BAG, 21.07.2009 - 1 AZR 167/08 - Steuerschuldnerschaft bei pauschalierter Lohnsteuer; Auslegung eines "Kostenerstattung" vorsehenden Sozialplans

Bundesarbeitsgericht
Urt. v. 21.07.2009, Az.: 1 AZR 167/08
Gericht: BAG
Entscheidungsform: Urteil
Datum: 21.07.2009
Referenz: JurionRS 2009, 22109
Aktenzeichen: 1 AZR 167/08
 

Verfahrensgang:

vorgehend:

ArbG Lübeck - 25.09.2007 - AZ: 3 Ca 2228 c/07

LAG Schleswig-Holstein - 16.01.2008 - AZ: 3 Sa 433/07

Fundstellen:

ArbR 2009, 137

BB 2010, 967-968

BB 2009, 2365

EzA-SD 21/2009, 13-14

FA 2009, 392

NZA 2009, 1213-1215

schnellbrief 2009, 3-4

ZTR 2009, 653

Redaktioneller Leitsatz:

1. a) Wer die Steuer im Verhältnis der Arbeitsvertragsparteien wirtschaftlich zu tragen hat, ist keine Frage des Steuerrechts. § 40 Abs. 3 EStG schließt als spezifisch einkommensteuerrechtliche Regelung nur die Inanspruchnahme des Arbeitnehmers durch den Steuergläubiger aus, verfolgt aber keine zivilrechtlichen Ziele und ist keine schuldrechtliche Zuordnungsnorm.

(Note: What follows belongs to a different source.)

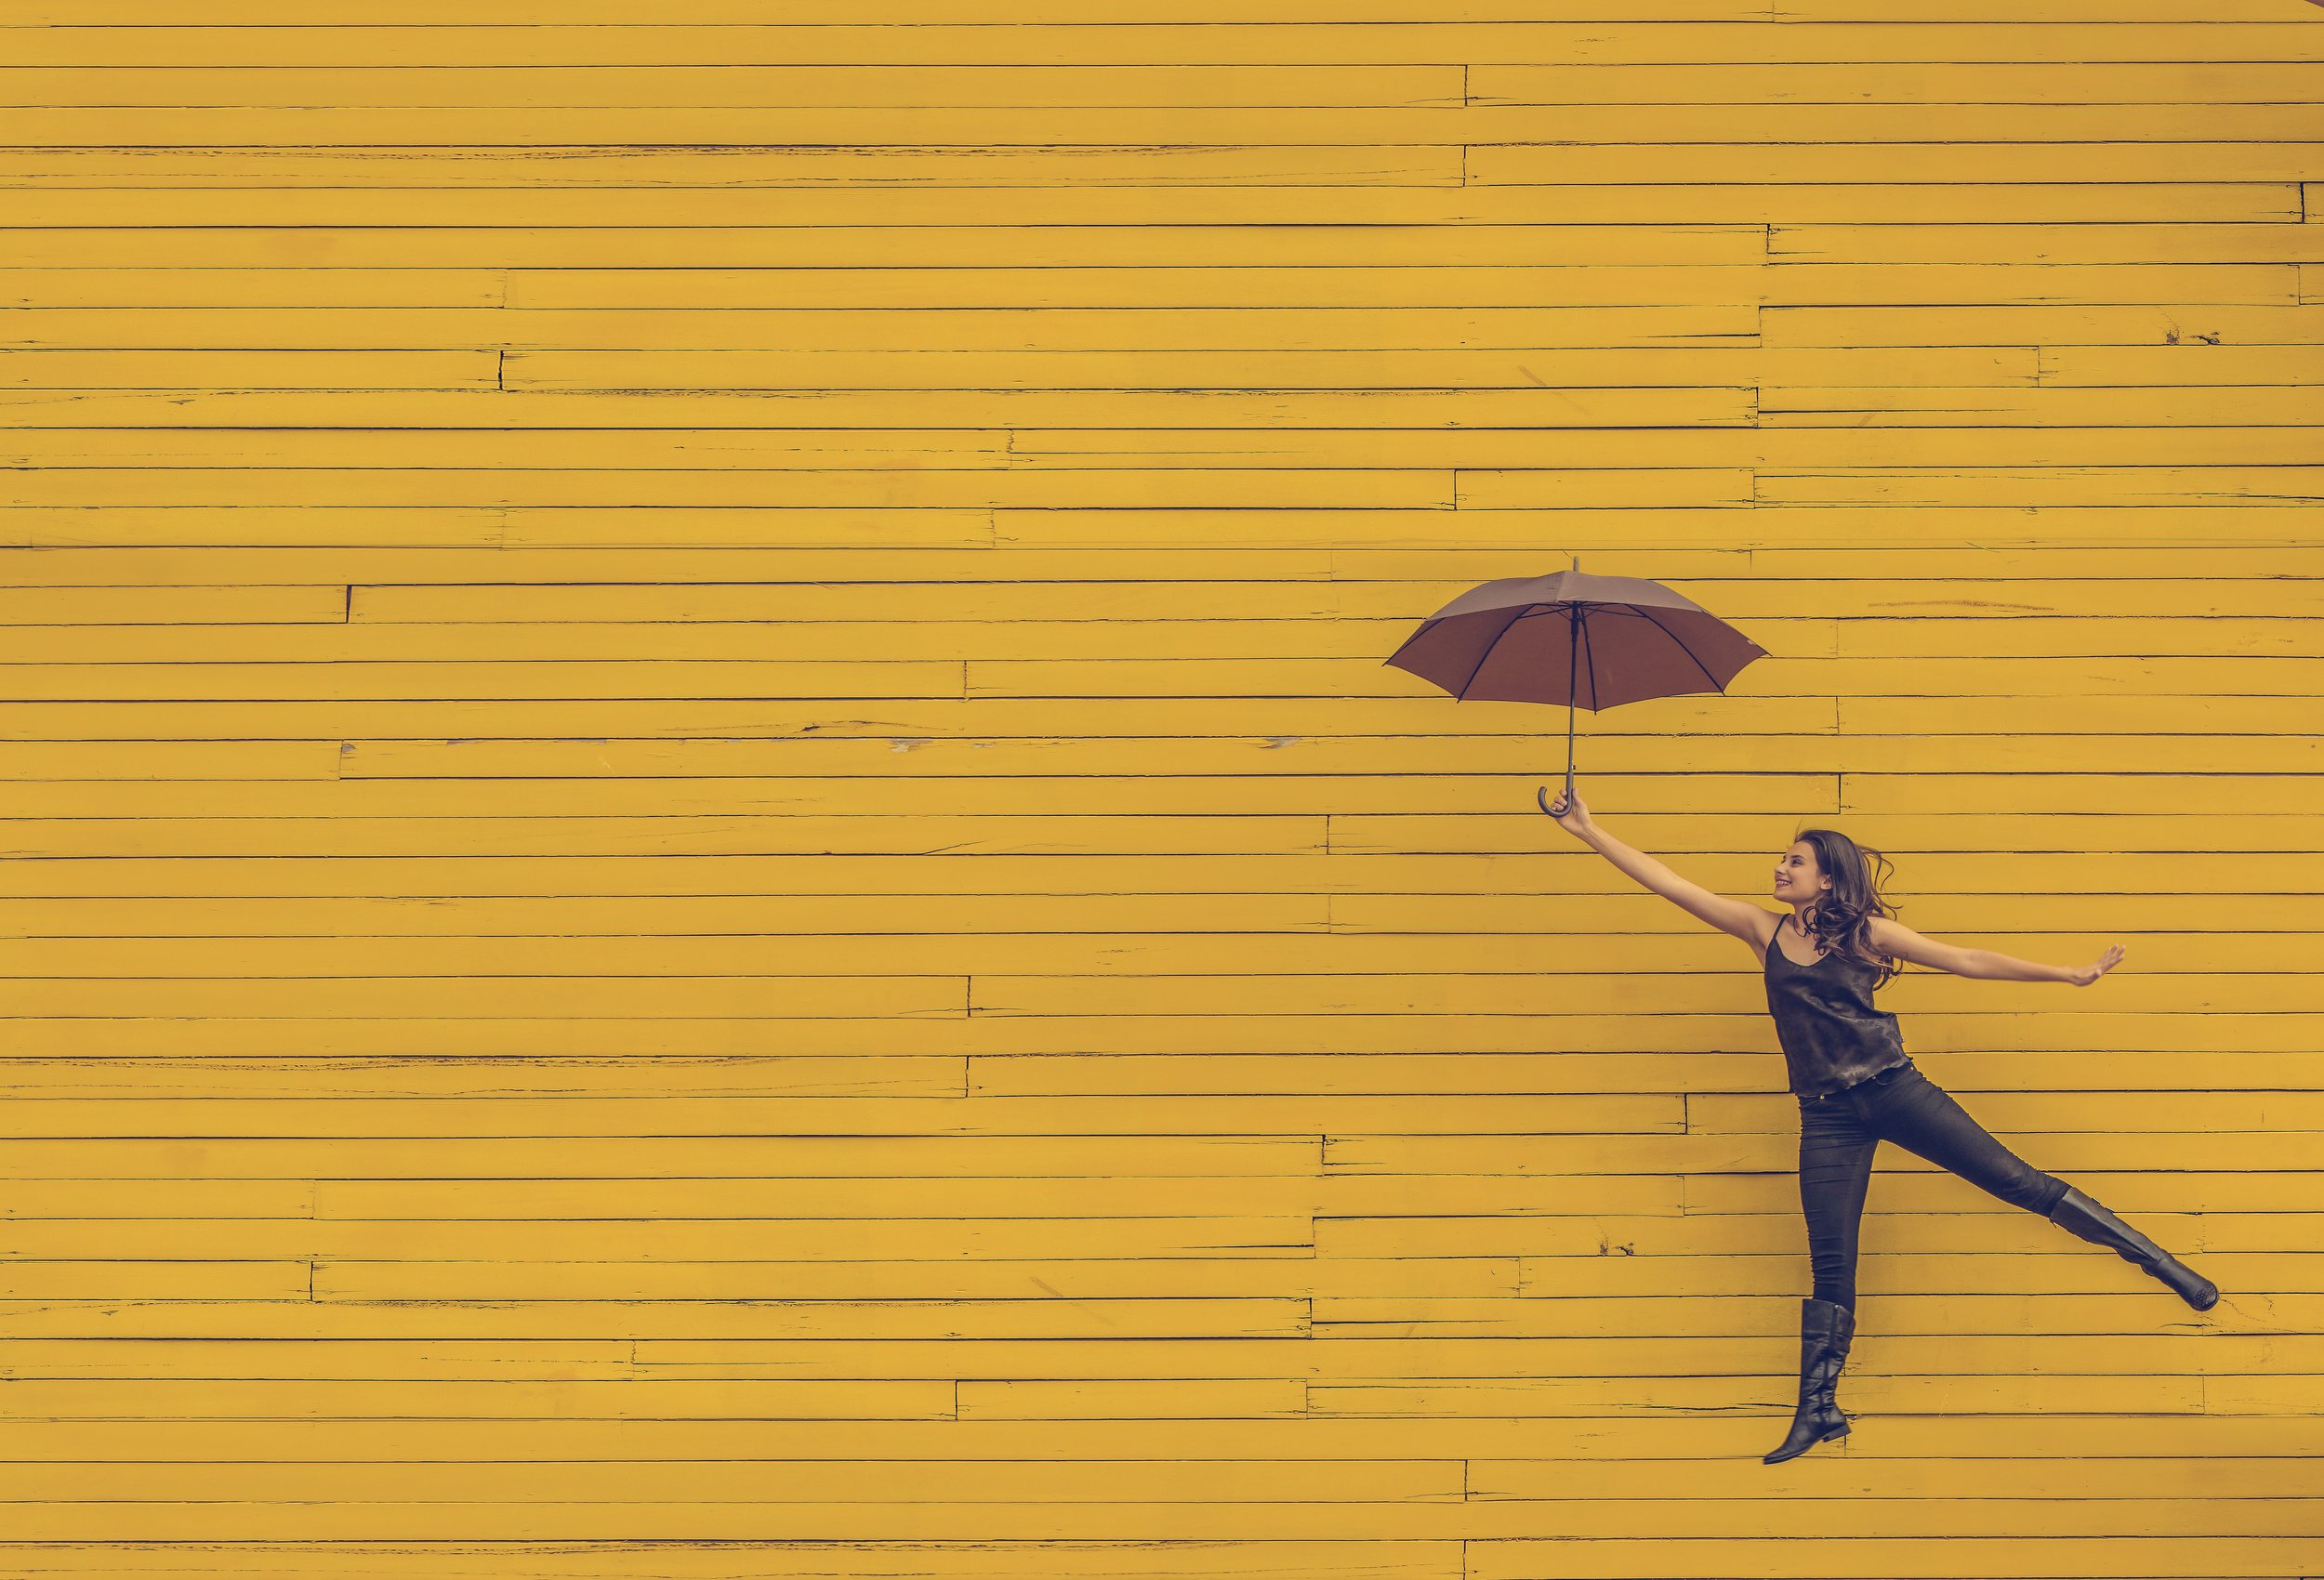 edu-lauton-woman-umbrella-floating.jpg

b) Bei der pauschalen Lohnsteuer handelt es sich um eine Steuer, die zwar steuertechnisch die Schuldnerschaft des Arbeitgebers begründet, die aber gleichwohl aufgrund einer Tatbestandsverwirklichung durch den Arbeitnehmer entsteht und von der Steuer des Arbeitnehmers abgeleitet ist. Der Arbeitgeber ist danach nicht originärer Steuerschuldner. Erst mit Übernahme der aus dem Steuerverhältnis mit dem Arbeitnehmer entstandenen Lohnsteuer im Pauschalierungsverfahren übernimmt er diese als eigene Schuld, die sich in seiner Person nicht dem Grunde nach, sondern lediglich der Höhe nach ändert.

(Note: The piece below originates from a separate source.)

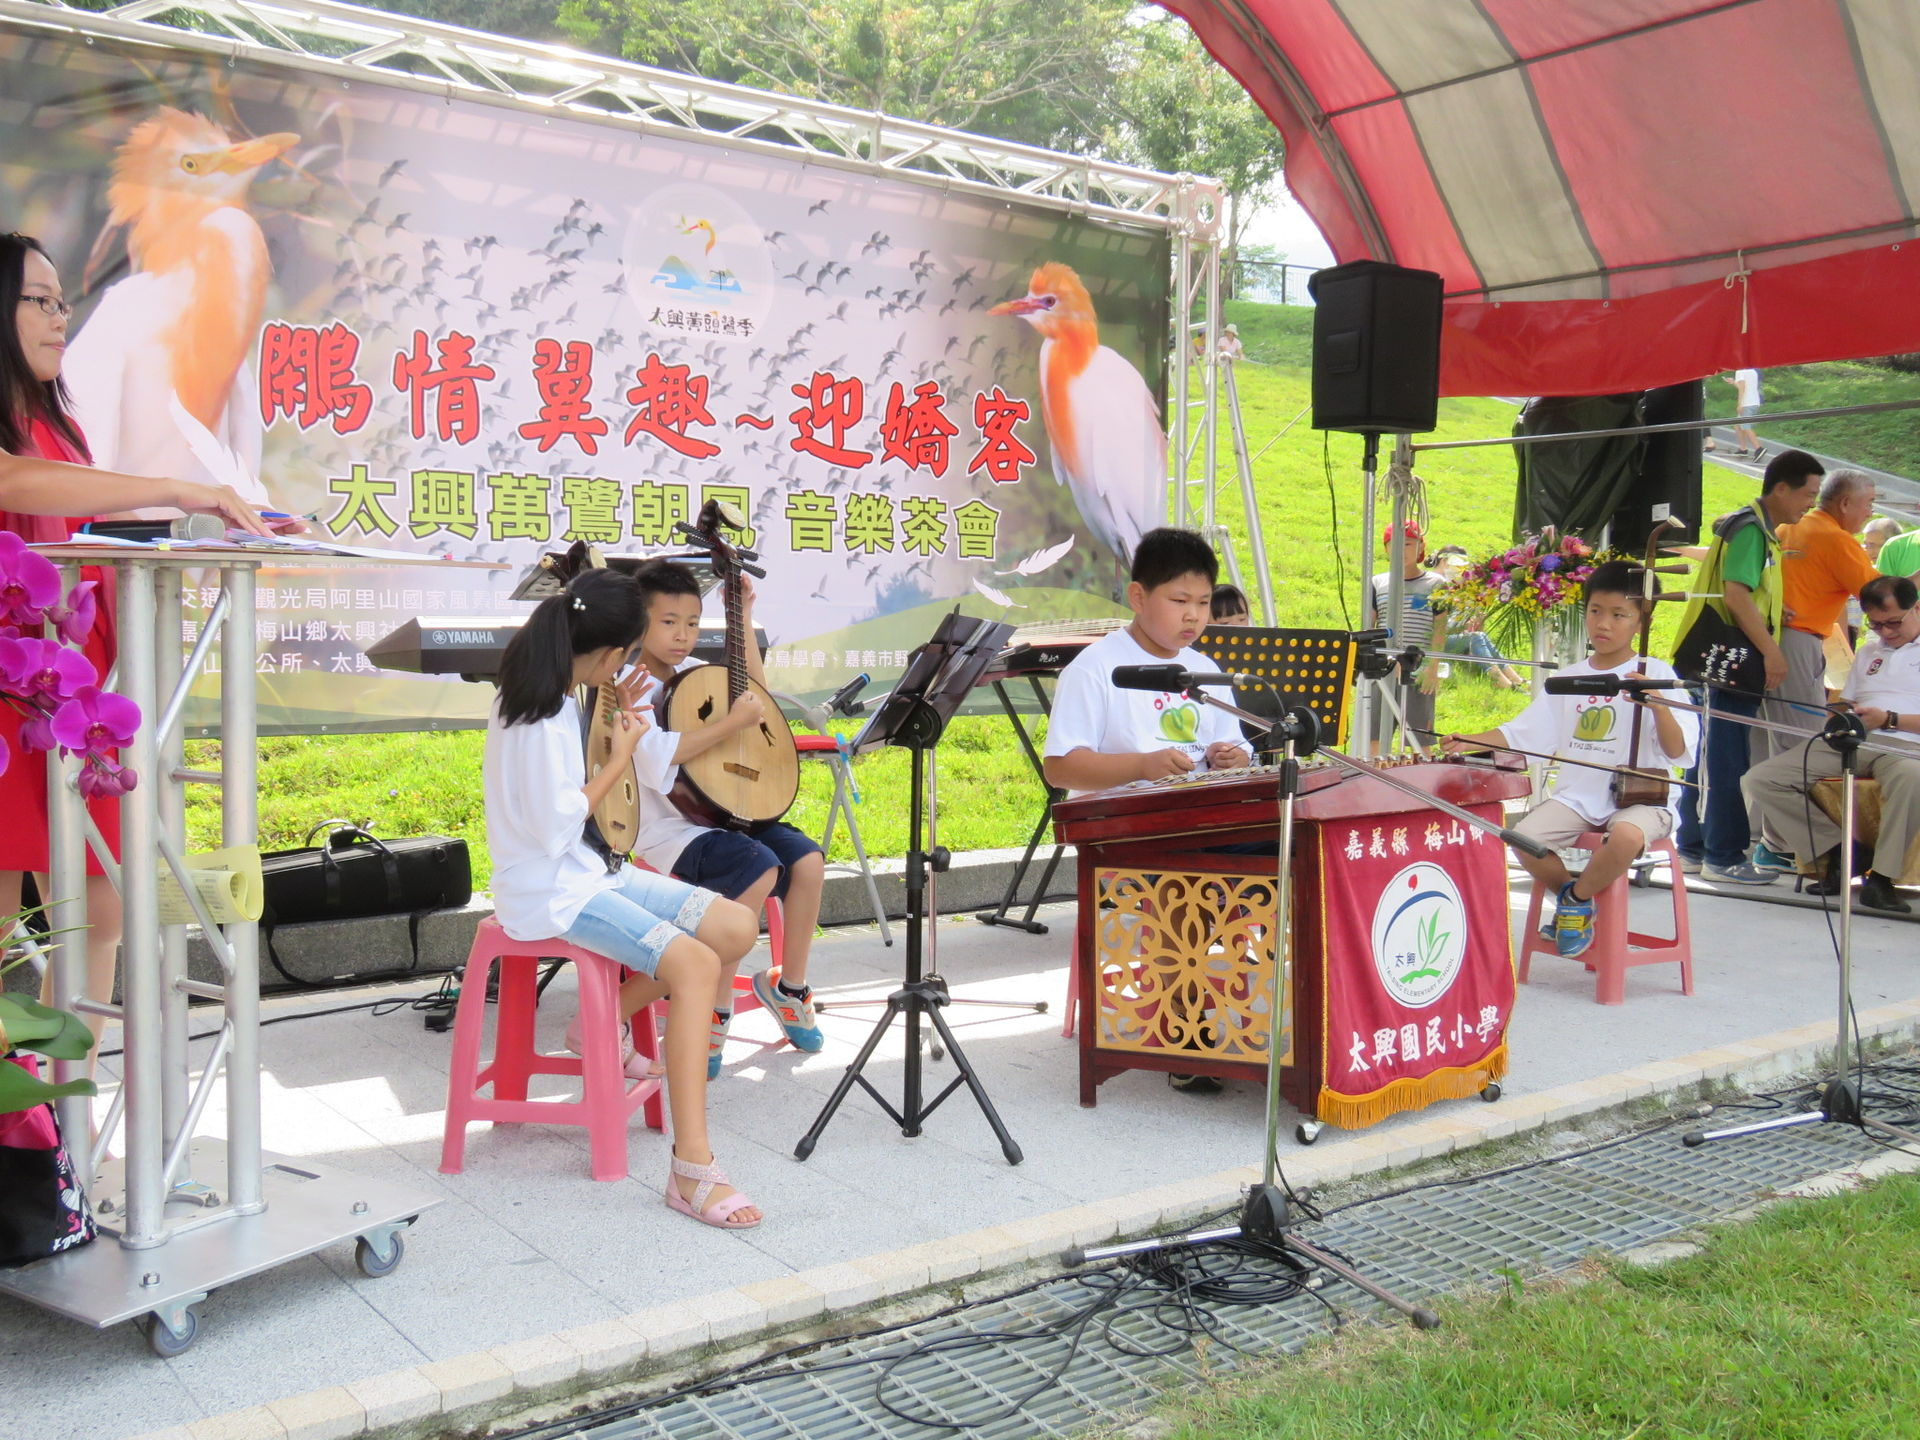 http://www.tses.cyc.edu.tw/uploads/tadgallery/2017_09_09/3964_社區生態音樂季表演.JPG

c) Die Möglichkeit der Erhebung der Pauschalsteuer dient der Verfahrensvereinfachung zugunsten des Arbeitgebers und der Verminderung des Verwaltungsaufwands. Das Verhältnis von Arbeitnehmer und Arbeitgeber als Gläubiger und Schuldner der Lohnforderung nach § 611 Abs. 1 BGB bleibt davon unberührt. § 40 Abs. 3 Satz 2 2. Halbs. EStG setzt gerade voraus, dass der Arbeitnehmer im Innenverhältnis zum Arbeitgeber mit der pauschalen Lohnsteuer belastet werden kann.

2. Mit der Verwendung des Begriffs "Kostenerstattung" im Sozialplan haben die Betriebsparteien nicht "selbstredend" eine Verpflichtung des Arbeitgebers zur Übernahme der Lohnsteuer begründet. "Kostenerstattung" bedeutet den Ausgleich verauslagter Beträge durch den Ausgleichspflichtigen. Verpflichtet sich der Schuldner - wie hier - zur "Erstattung von 100 % der vorgenannten Kosten", ist er zwar zum vollen Ausgleich der vom Gläubiger für den betreffenden Zweck aufgewendeten Beträge verpflichtet. Damit ist aber nichts darüber gesagt, wer von beiden - Schuldner oder Gläubiger - wirtschaftlich betrachtet die Steuer zu tragen hat, wenn denn die Zuwendung des Erstattungsbetrags an den Gläubiger als Arbeitslohn steuerpflichtig ist.

In Sachen

Kläger, Berufungsbeklagter und Revisionskläger,

pp.

Beklagte, Berufungsklägerin und Revisionsbeklagte,

hat der Erste Senat des Bundesarbeitsgerichts aufgrund der mündlichen Verhandlung vom 21. Juli 2009 durch die Präsidentin des Bundesarbeitsgerichts Schmidt, den Vorsitzenden Richter am Bundesarbeitsgericht Kreft, den Richter am Bundesarbeitsgericht Linsenmaier sowie die ehrenamtlichen Richter Brunner und Dr. Zumpe für Recht erkannt:

Tenor:

1. Die Revision des Klägers gegen das Urteil des Landesarbeitsgerichts Schleswig-Holstein vom 16. Januar 2008 - 3 Sa 433/07 - wird zurückgewiesen.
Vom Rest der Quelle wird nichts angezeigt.